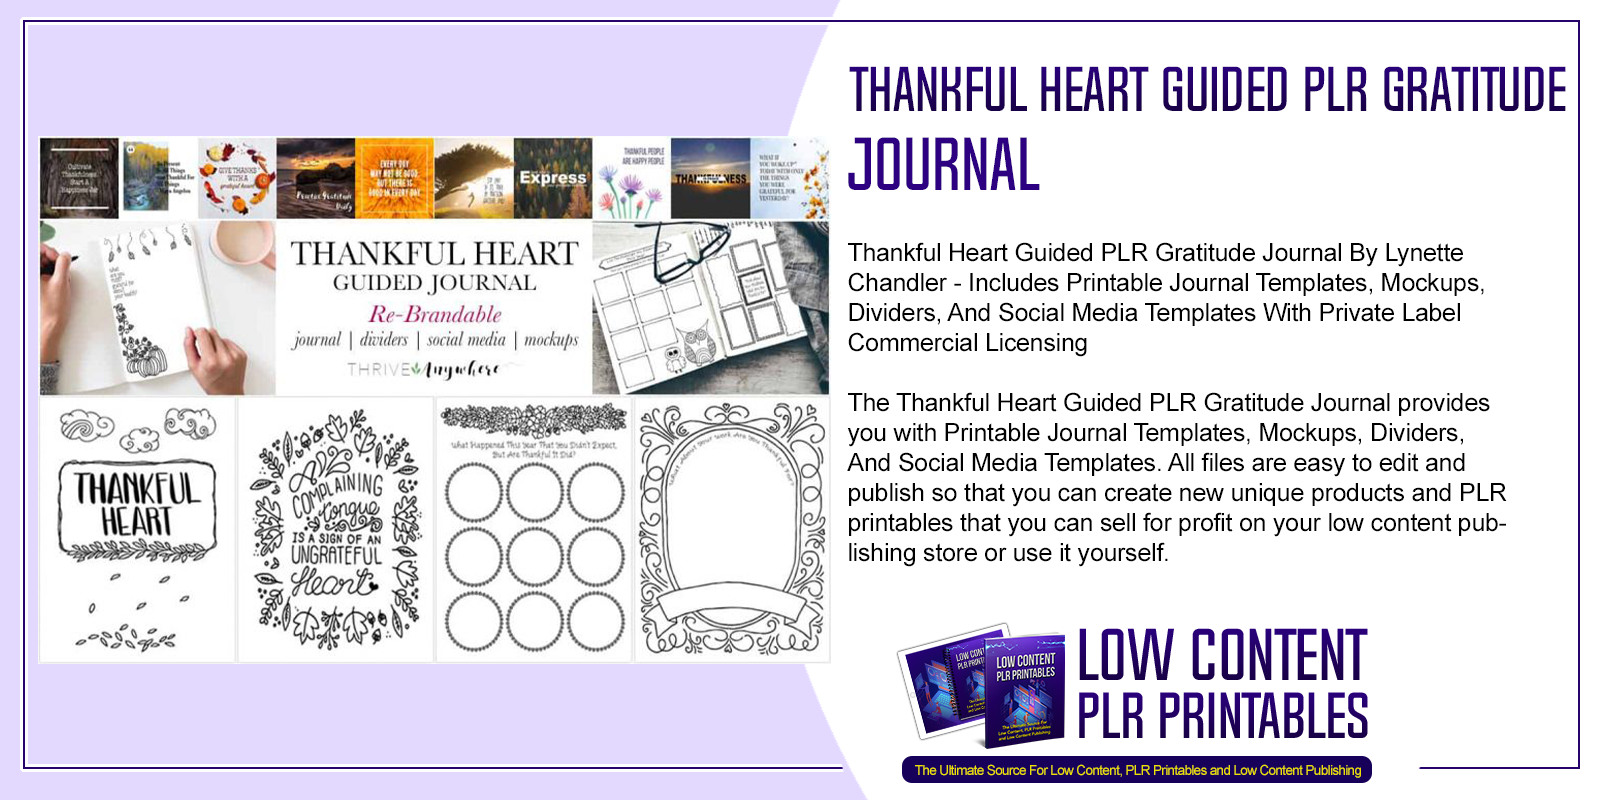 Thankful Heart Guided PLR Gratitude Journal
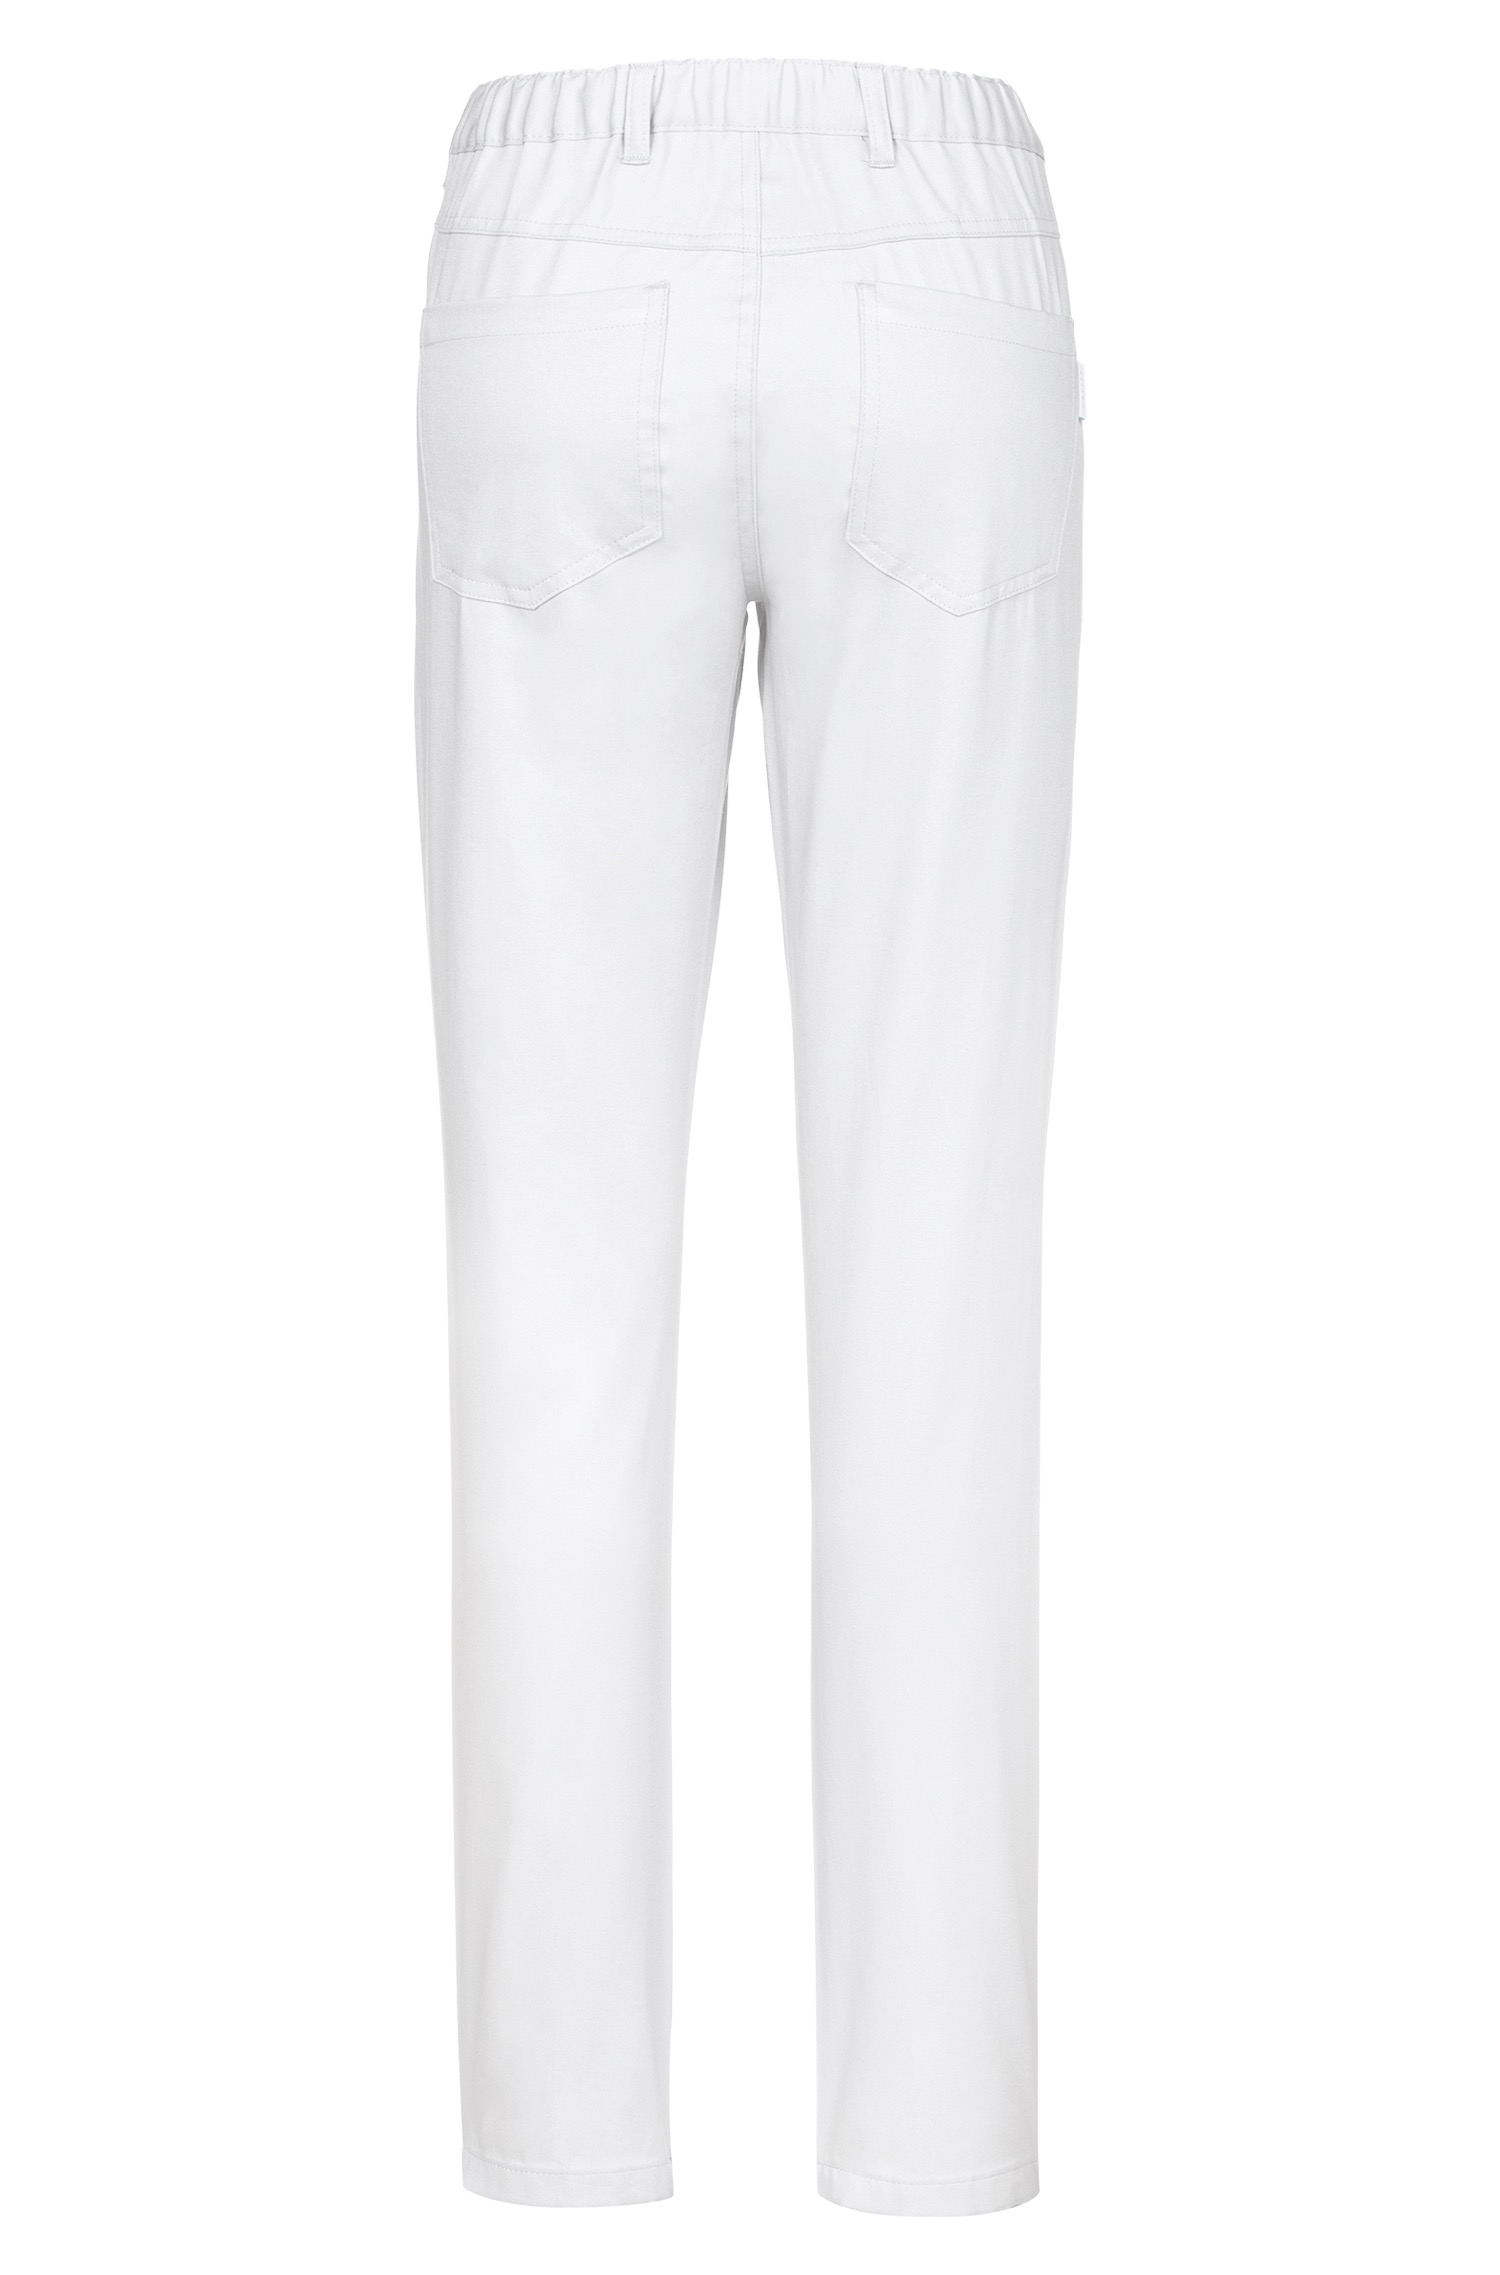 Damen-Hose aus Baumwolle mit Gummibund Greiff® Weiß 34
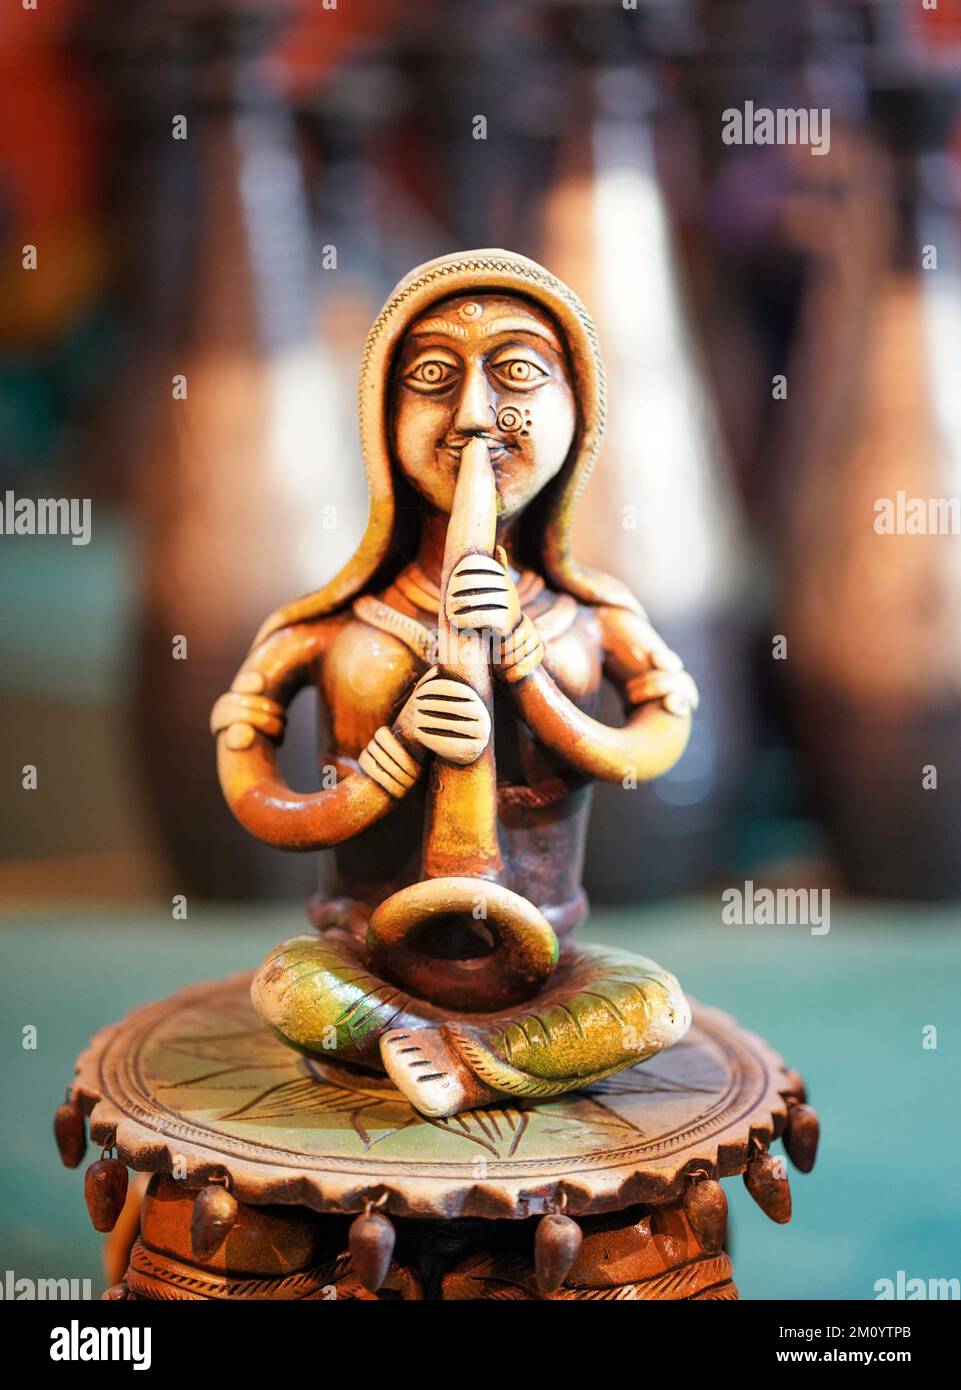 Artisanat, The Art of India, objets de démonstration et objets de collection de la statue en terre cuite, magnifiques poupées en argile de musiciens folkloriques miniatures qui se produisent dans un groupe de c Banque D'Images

****************************************

**TASK TO COMPLETE**. Take the listing above and retype it exactly. Its pictures are to be omitted.

**RESULT FOR THIS EXERCISE**.
 Thankful Heart Guided PLR Gratitude Journal
 Damen-Hose aus Baumwolle mit Gummibund Greiff® Weiß 34
 Artisanat, The Art of India, objets de démonstration et objets de collection de la statue en terre cuite, magnifiques poupées en argile de musiciens folkloriques miniatures qui se produisent dans un groupe de c Banque D'Images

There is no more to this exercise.